In the case that one of our lovely diatoms are requested for their moment in the spotlight, a slide with a small amount of sample needs to be prepared using the following process.

1) Wake the diatoms up:
Although there are numerous ways of keeping a diatom collection, a large amount of them will be stored within glass vials. While they were once wet specimens, their time spent in the collections has dried them out. Our first step therefore is to add a small amount of distilled water to the vial to get them ready for sampling. Once the water is added, give the vial a little shake to get them moving again.

Like so:

                          

2) Extract the diatoms:
Using a pipette, place a small drop of the water onto a glass microscope slide. (It really is as simple as that).

                         

3) Tuck them in:
Remember when your mum used to tuck you in, sending you safely off to the land of nod?

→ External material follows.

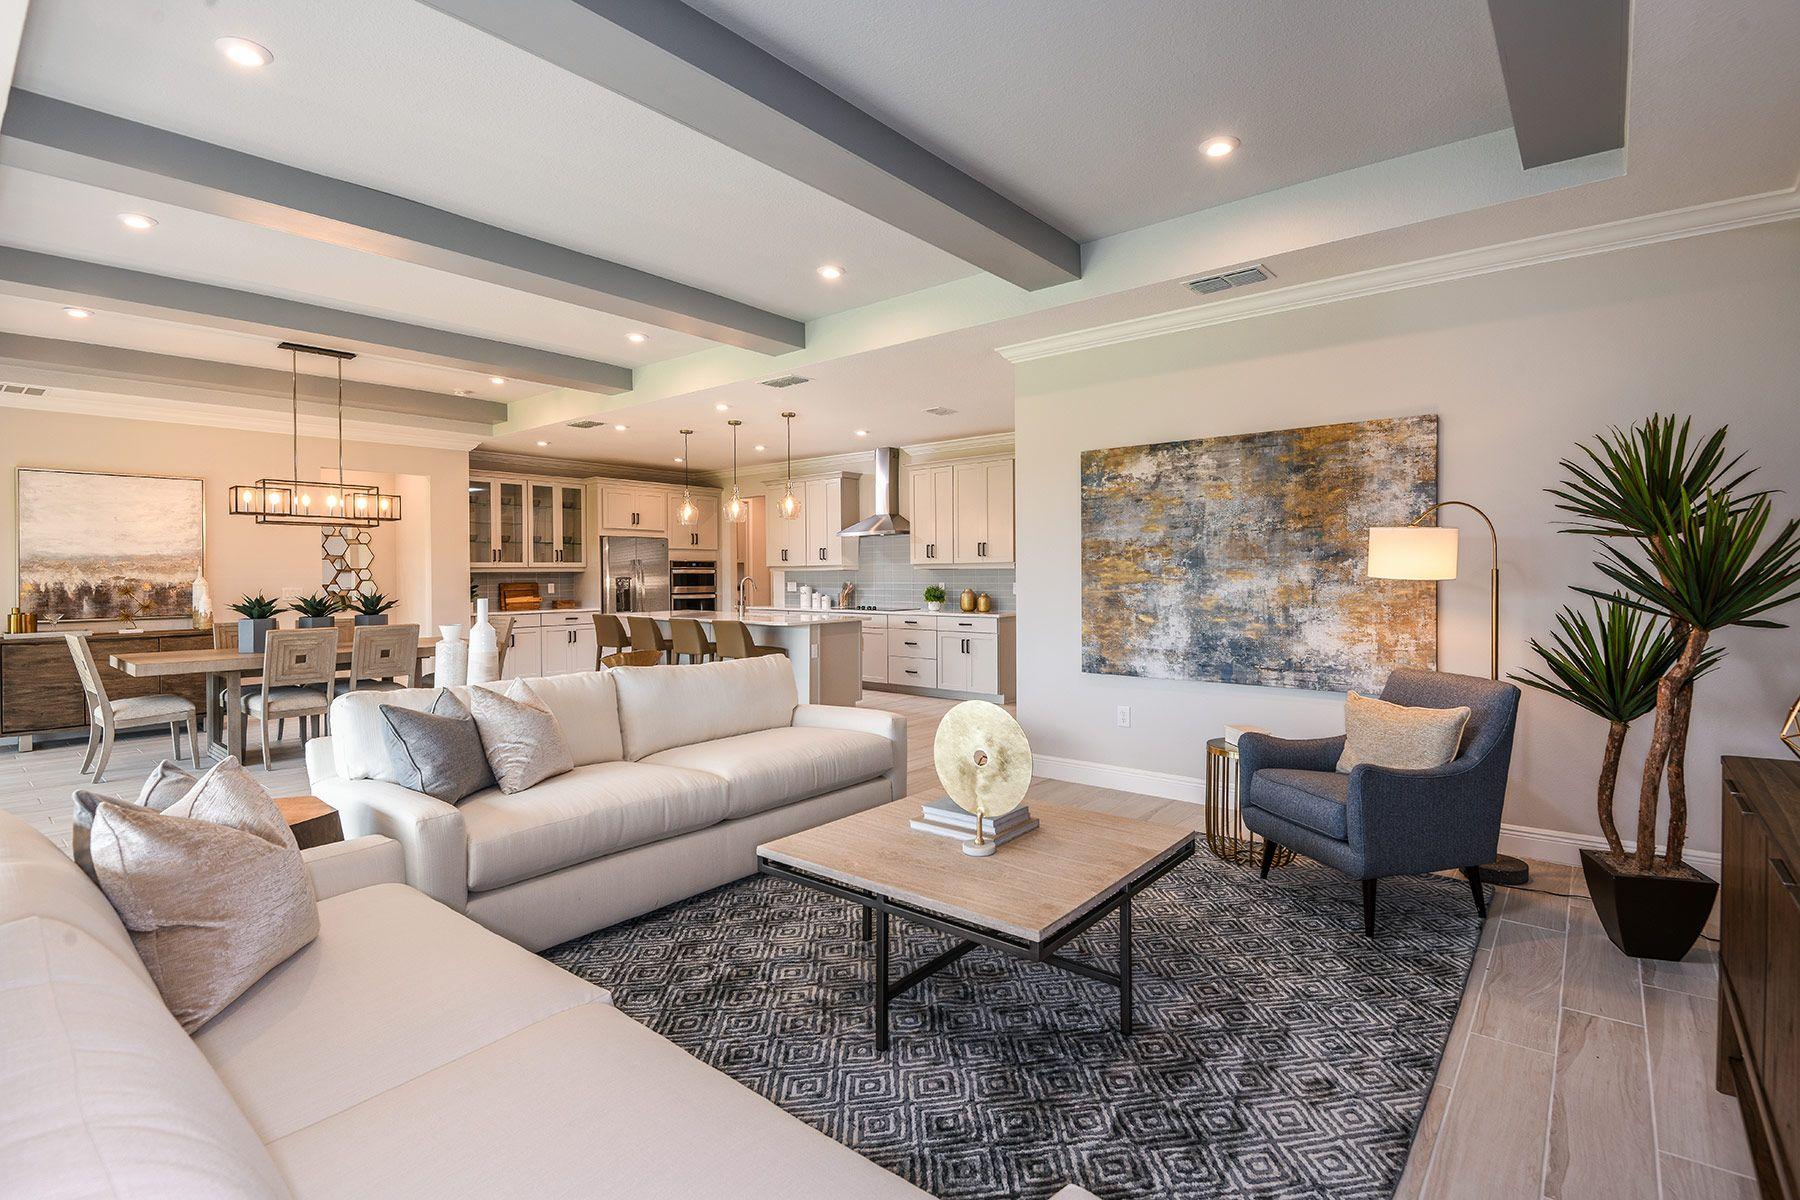 'Wellen Park - Renaissance' by Mattamy Homes - Sarasota-Bradenton in Sarasota-Bradenton

Well quite similarly, to ensure our diatoms arrive safely at their new destination we cover the drop of water with a slide cover thus completing the easy part of a loan process.

4) Now for the hard part:
Our lovingly prepared slide won’t be much use if it doesn’t actually contain what the scientist needs, so now starts the lengthy process of locating a diatom.

Being microscopic may be a bonus for them, but when it comes to finding diatoms, it’s like playing a massive game of hide and seek… in the whole central London. Scanning through each plain of the water droplet, carefully focusing their eyes, the hunt begins. 

                           

Once we find something, the slide is carefully packaged and sent off to its new home, ready to change the way the public thinks about the worlds climate, to help with forensic investigations or maybe just to confirm what one of it’s relatives of the same species looks like.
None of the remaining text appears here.